• [Exercise goal]: Go through the listing below and repeat it exactly, dropping the pictures.

• [Data excerpt]:

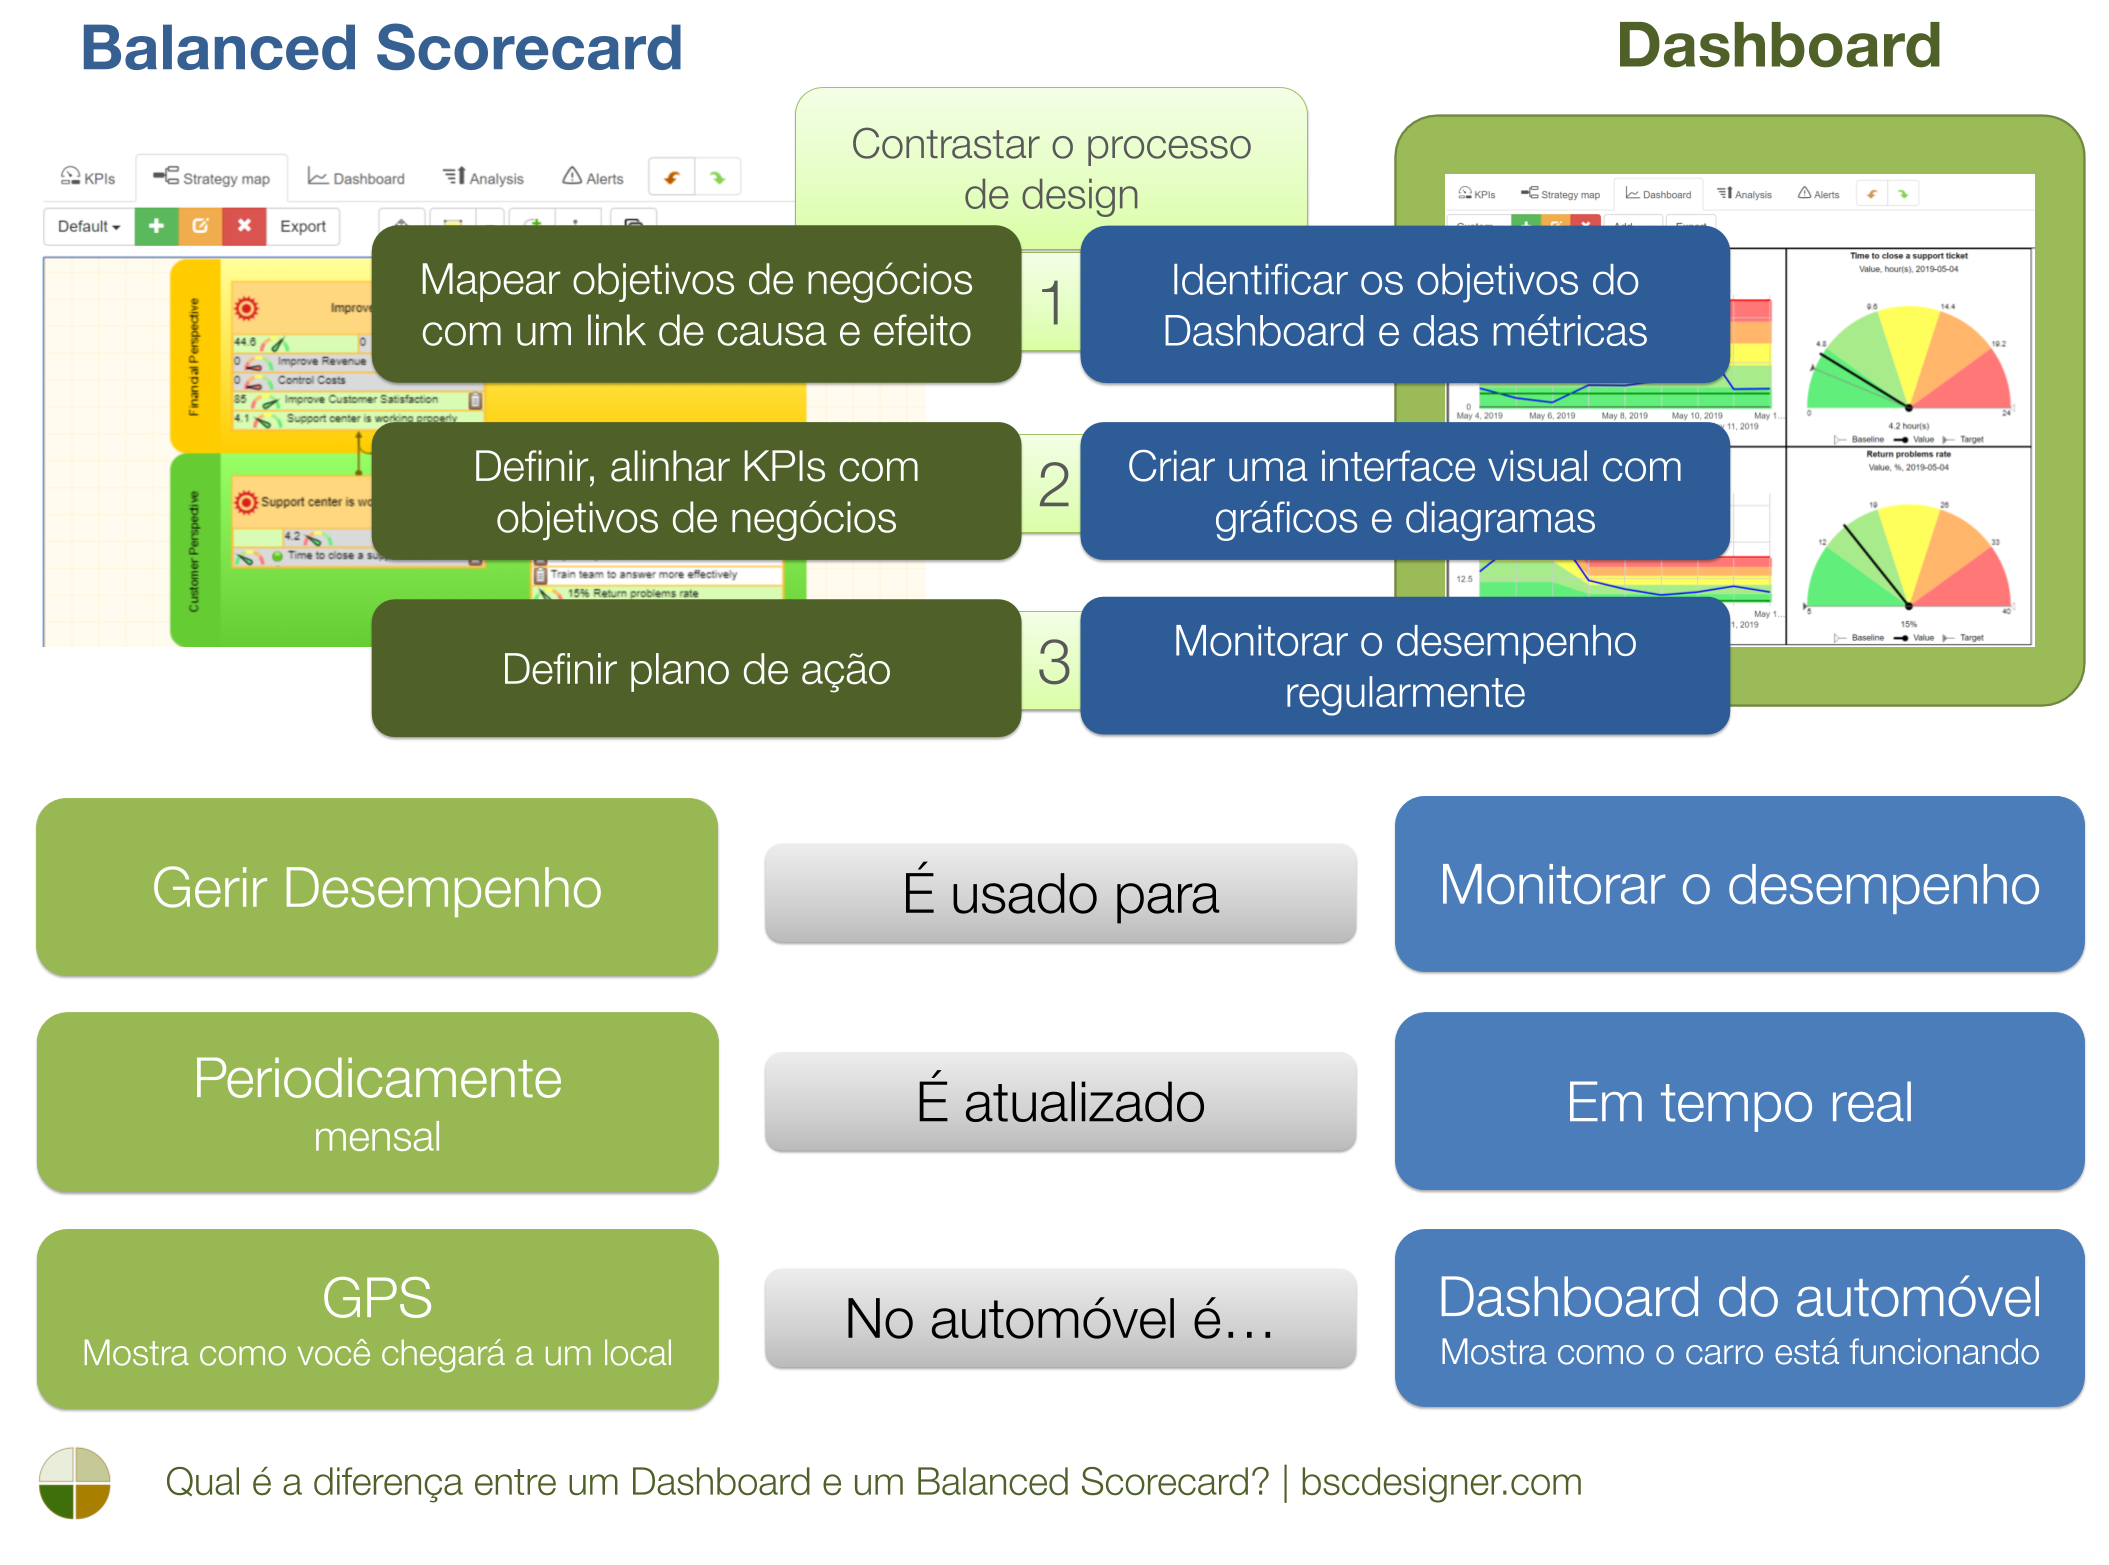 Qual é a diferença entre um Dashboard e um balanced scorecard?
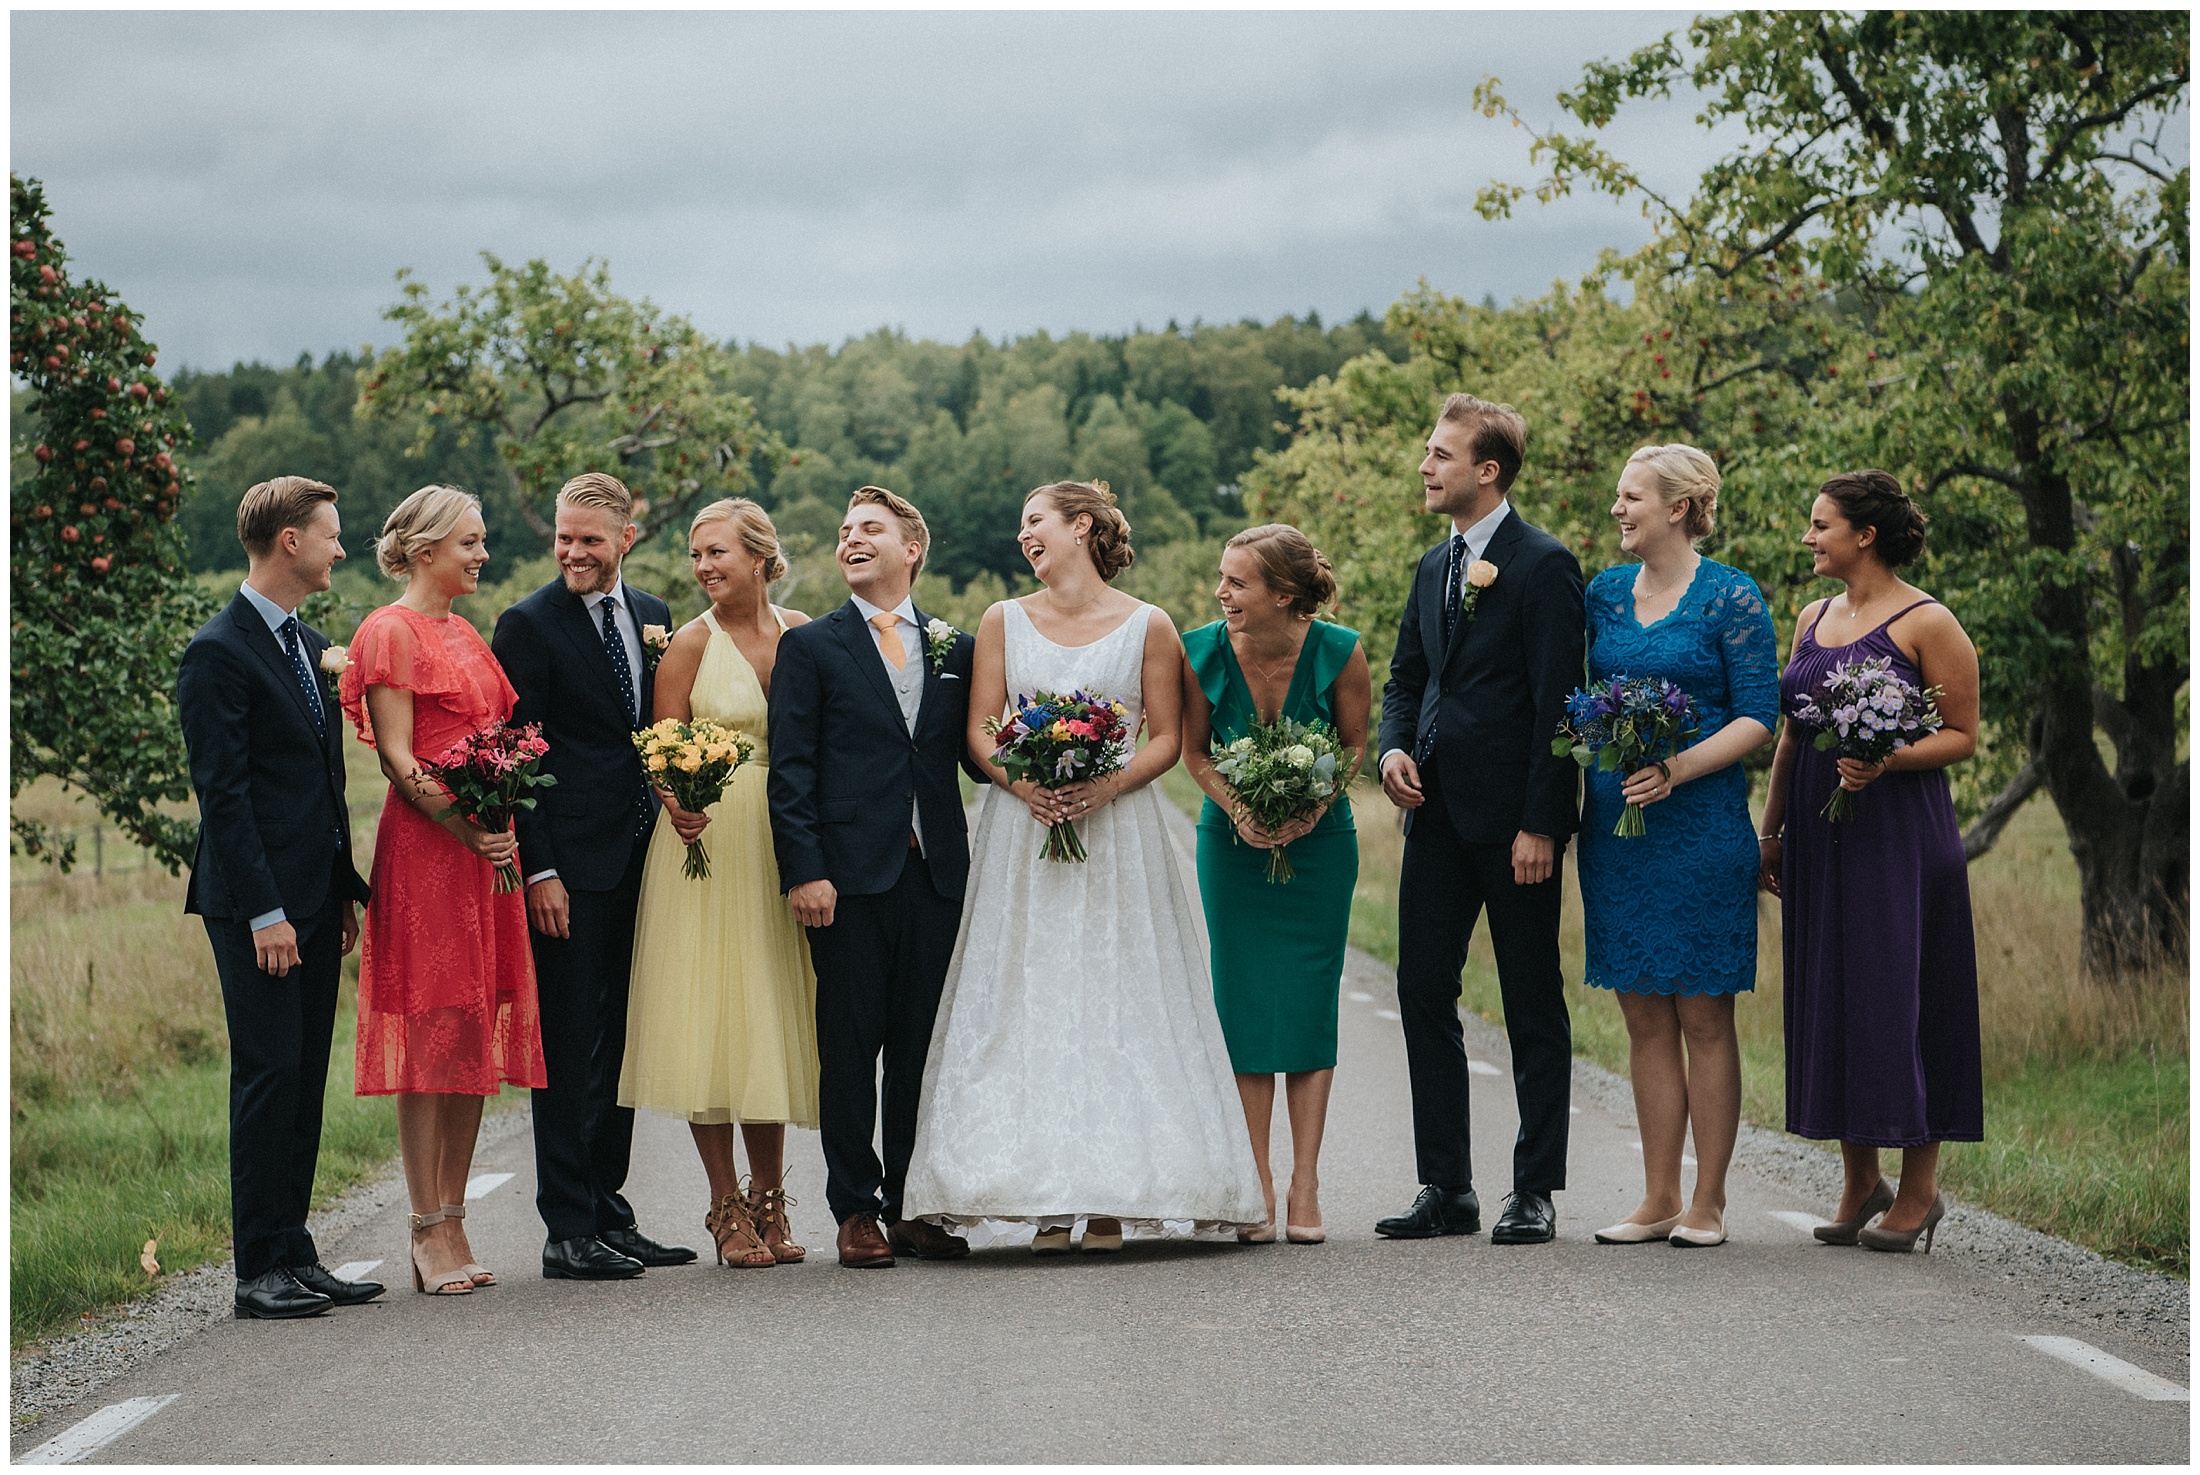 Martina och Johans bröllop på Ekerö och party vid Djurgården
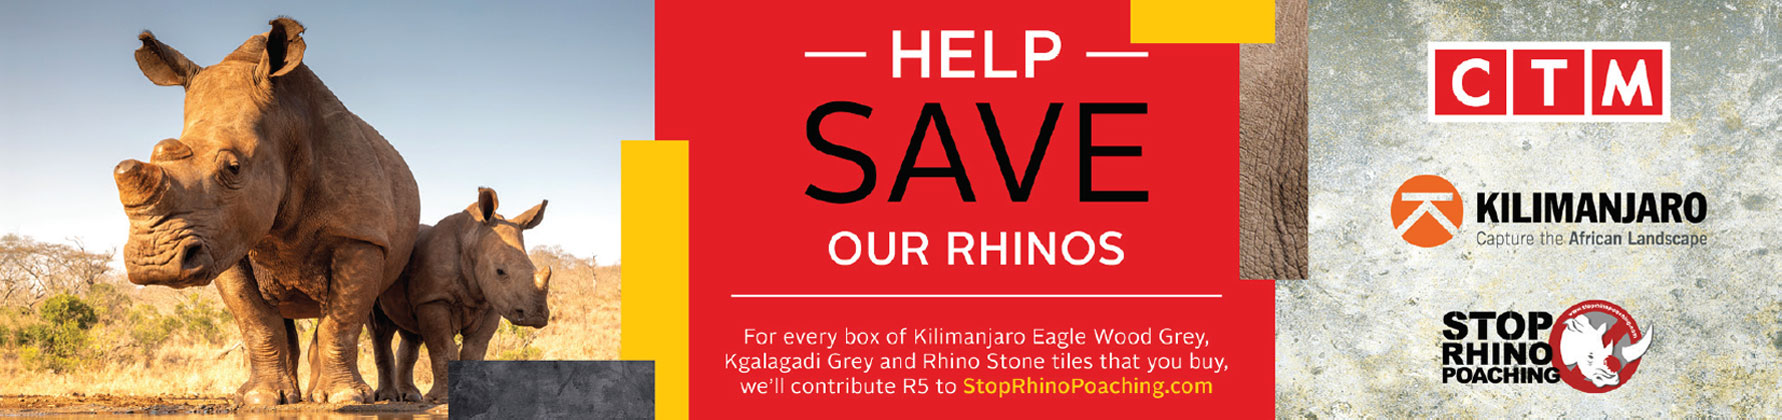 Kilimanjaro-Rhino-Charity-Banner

• [Result]:
 Qual é a diferença entre um Dashboard e um balanced scorecard?
 Martina och Johans bröllop på Ekerö och party vid Djurgården
 Kilimanjaro-Rhino-Charity-Banner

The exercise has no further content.